CINE › “LA BALADA DE JACK Y ROSE”, CON DANIEL DAY-LEWIS
Los recuerdos del “flower power”
La guionista y directora Rebecca Miller no reniega de los ideales de los ’60, pero se abre a la realidad de los cambios.
El campo de flores es recorrido por un padre y su hija mientras, en la banda de sonido, se escuchan los primeros acordes de Boots of Spanish Leather, el tema de Bob Dylan. A pesar de esa melodía melancólica, del aspecto hippie de la vestimenta de la chica y de algunos diálogos al pasar que parecen expresar una época, el tercer largometraje de Rebecca Miller –hija de Ar-thur, el famoso dramaturgo recientemente fallecido– no transcurre durante la fiebre del flower power sino en 1986, en plena médula de la década plástica. Es que Jack, fundador allá por los dorados ’60 de una comuna autosuficiente emplazada en un islote –separado de la costa norteamericana y de los males del capitalismo–, se quedó solo con su hija Rose hace ya mucho tiempo, cuando el resto de los miembros, su pareja incluida, decidió abandonar la vida vegetariana y transformarse en depredadores en la jungla de asfalto. Así es que Jack y Rose (Daniel DayLewis y Camilla Belle) viven una vida de aislamiento y armonía con la naturaleza, alejados del ruido urbano y los maquiavélicos beneficios de la tecnología, aunque amenazados por una empresa inmobiliaria que se apresta a construir un suburbio para ricos en la otra punta de la isla.
Miller ya había abordado la intimidad de personajes en conflicto en su trabajo anterior, estrenado en nuestro país, significativamente, con el título Intimidades (2002). Pero en esta ocasión el origen de las aflicciones de los personajes parece radicar en su tozudez a la hora de defender ciertas ideas. El mundo idílico de la pequeña familia se ve sacudido por la decisión de Jack de incorporar nuevos miembros: una mujer de mediana edad (interpretada por la siempre solvente Catherine Keener) y sus dos hijos adolescentes se incorporan a ese universo anacrónico y junto con ellos aparecen los primeros cimbronazos del cambio. Rose, de 16 años, no sólo sentirá que la relación con su padre comienza a tornarse más compleja y problemática sino que, a punto de dejar atrás la niñez, sentirá los primeros impulsos eróticos, tan sinceros como poco protocolares.

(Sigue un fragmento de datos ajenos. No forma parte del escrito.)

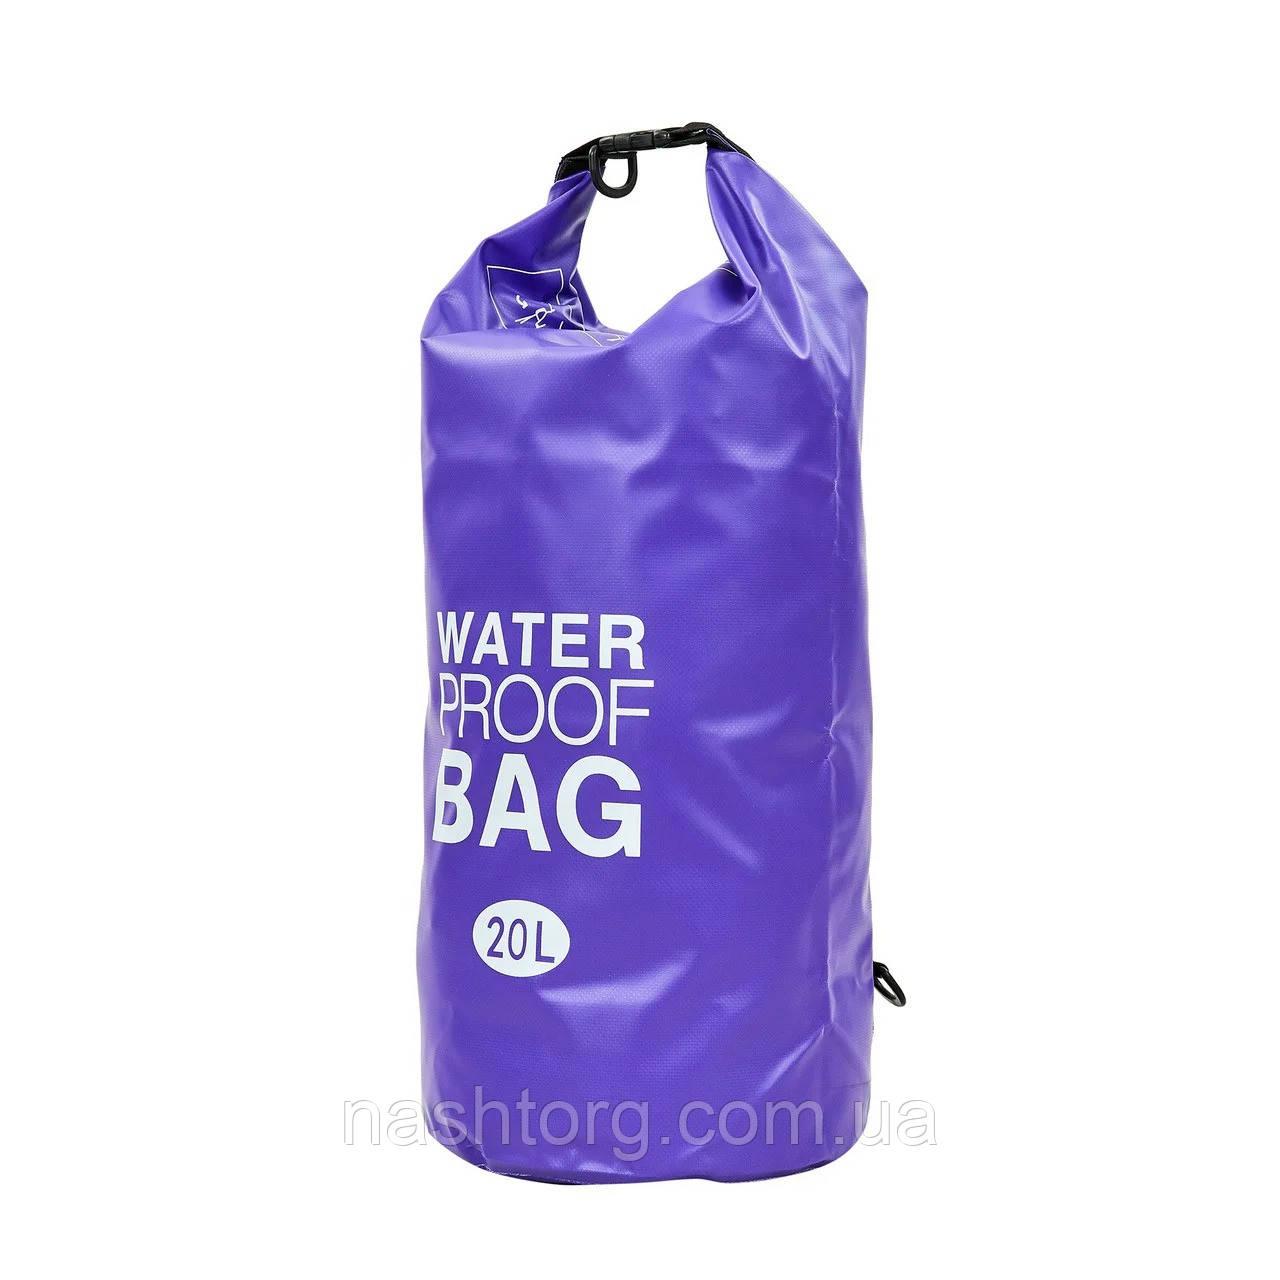 Распродажа! Гермомешок для вещей, воды Water Proof Bag 20 л Фиолетовый, водонепроницаемый рюкзак мешок

La realizadora acerca su cámara a los rostros de los actores y permite que sean los personajes los encargados de motorizar y puntuar la narración, construyendo a las criaturas y sus circunstancias como en un drama de cámara. Ese abordaje naturalista, anclado en la psicología de los personajes, genera momentos genuinos y frescos, pero al mismo tiempo impone algunos riesgos, en particular aquellos que tienen que ver con el reemplazo de las ideas visuales por las explicaciones verbales correspondientes. El Jack de Daniel Day-Lewis (esposo de Miller en la vida real) es un personaje que se va deshilvanando como tal para transformarse hacia el final en poco más que un reservorio de frases e ideas, con escasas aristas e inflexiones.
A pesar de estos problemas, La balada de Jack y Rose le escapa a las resoluciones facilistas y no cae en muchas de las trampas que la historia tenía agazapadas. Sin ir más lejos, ni el constructor de viviendas “imitación colonial” que encarna Beau Bridges es un monstruo dispuesto a destruir el medio ambiente con tal de lograr sus objetivos ni el mismo Jack un santo de su propia ideología, como deja en claro una escena en la cual se lo ve “comprando” al personaje interpretado por Keener. Quizá se trate, como parece decir la pequeña coda final, de no abandonar la lucha ni traicionar la esencia, pero también de saber abrir el juego al intercambio de ideas y la posibilidad del cambio. Un enunciado bastante hippie, después de todo.